Every channel has two ends: the output (writing) end, and the input (reading) end. I will assume that that is what you meant.
Now to answer your question.
Take the simplest case: you have only one sender goroutine writing to a channel, and you only have one worker goroutine reading from the other end, and the channel has zero buffering. The sender goroutine will block as it writes each item it until that item has been consumed. Typically this happens quickly the first time. Once the first item has passed to the worker, the worker will then be busy and the sender will have to wait before the second item can be passed over. So a ping-pong effect follows: either the writer or the reader will be busy but not both. The goroutines will be concurrent in the sense described by Rob Pike, but not always actually executing in parallel.
In the case where you have many worker goroutines reading from the channel (and its input end is shared by all of them), the sender can initially distribute one item to each worker, but then it has to wait whilst they work (similar to the ping-pong case described above). Finally, when all items have been sent by the sender, it has finished its work. However, the readers may not, yet, have finished their work. Sometimes we care that the sender finishes early, and sometimes we don't. Knowing when this happens is most easily done with a WaitGroup (see Not_a_Golfer's answer and my answer to a related question).
There is a slightly more complex alternative: you can use a return channel for signalling completion instead of a WaitGroup
. This isn't hard to do, but WaitGroup
is preferred in this case, being simpler.

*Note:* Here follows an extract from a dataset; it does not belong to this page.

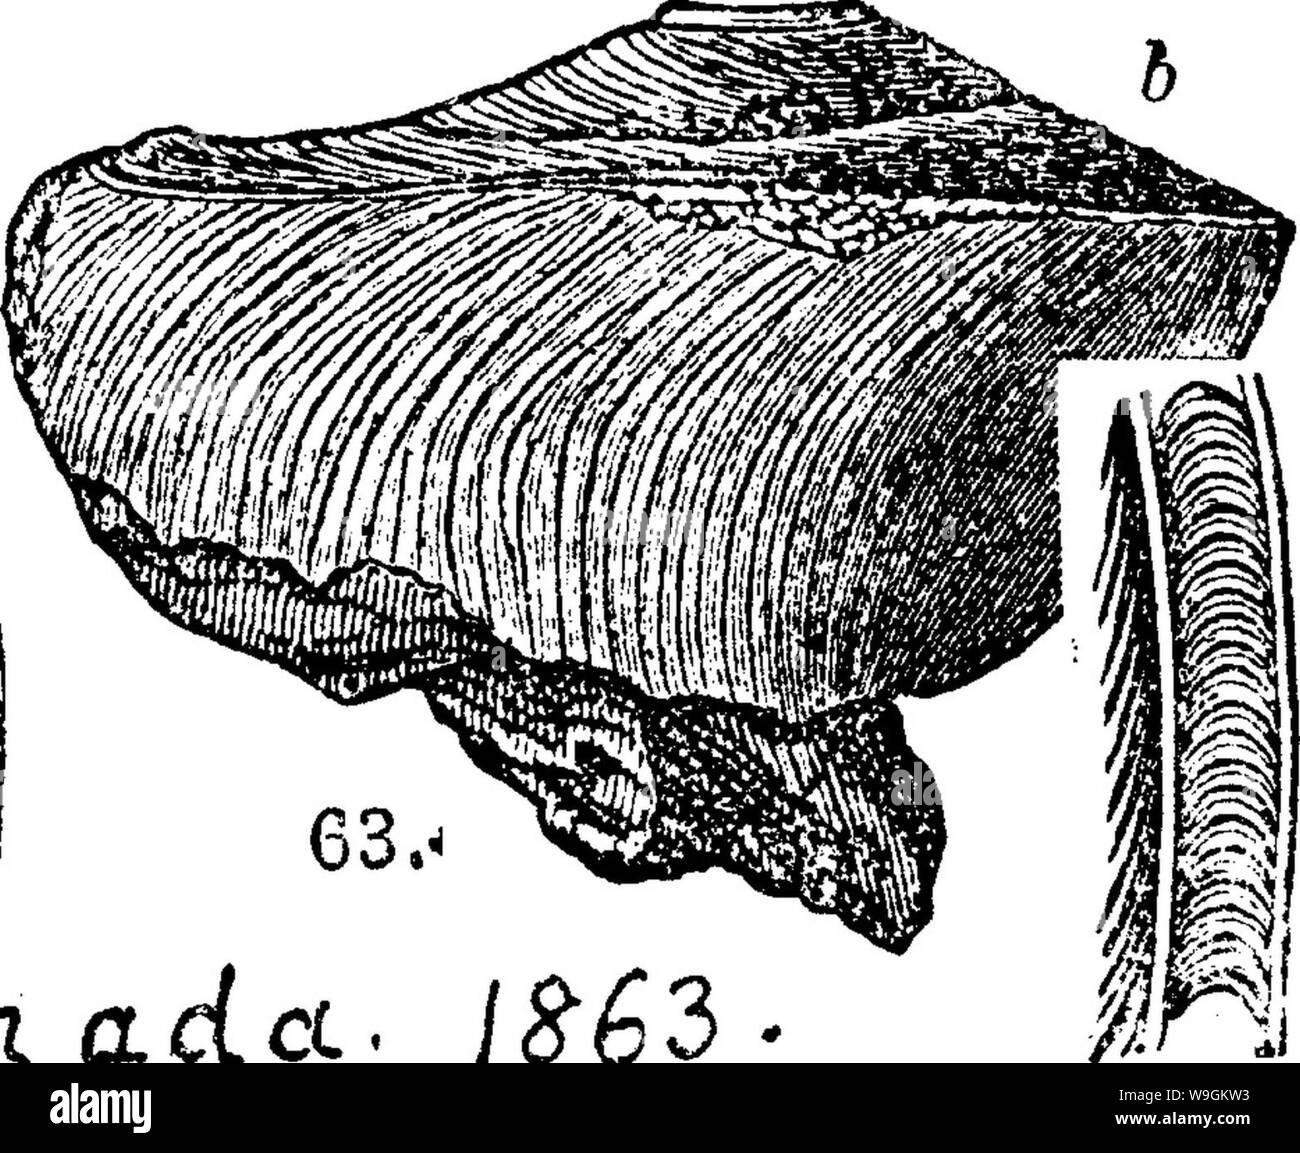 Archive image from page 275 of A dictionary of the fossils Stock Photo

If instead the channel were to contain a buffer, the point at which the sender had sent its last item would happen sooner. In the limit case when the channel has one buffer space per worker; this would allow the sender to complete very quickly and then, potentially, get on with something else. (Any more buffering than this would be wasteful).
This decoupling of the sender allows a fully asynchronous pattern of behaviour, beloved of people using other technology stacks (Node-JS and the JVM spring to mind). Unlike them, Go doesn't need you to do this, but you have the choice.
Back in the early '90s, as a side-effect of work on the Bulk Synchronous Parallelism (BSP) strategy, Leslie Valiant proved that sometimes very simple synchronisation strategies can be cheap. The crucial factor is that there is a need for enough parallel slackness (a.k.a. excess parallelism) to keep the processor cores busy. That means there must be plenty enough other work to be done so that it really doesn't matter if any particular goroutine is blocked for a period of time.
Curiously, this can mean that working with smaller numbers of goroutines might require more care than working with larger numbers.
Understanding the impact of excess parallelism is useful: it is often not necessary to put extra effort into making everything asynchronous if the network as a whole has excess parallelism, because the CPU cores would be busy either way.
Therefore, although it is useful to know how to wait until your sender has completed, a larger application may not need you to be concerned in the same way.
As a final footnote, WaitGroup
is a barrier in the sense used in BSP. By combining barriers and channels, you are making use of both BSP and CSP.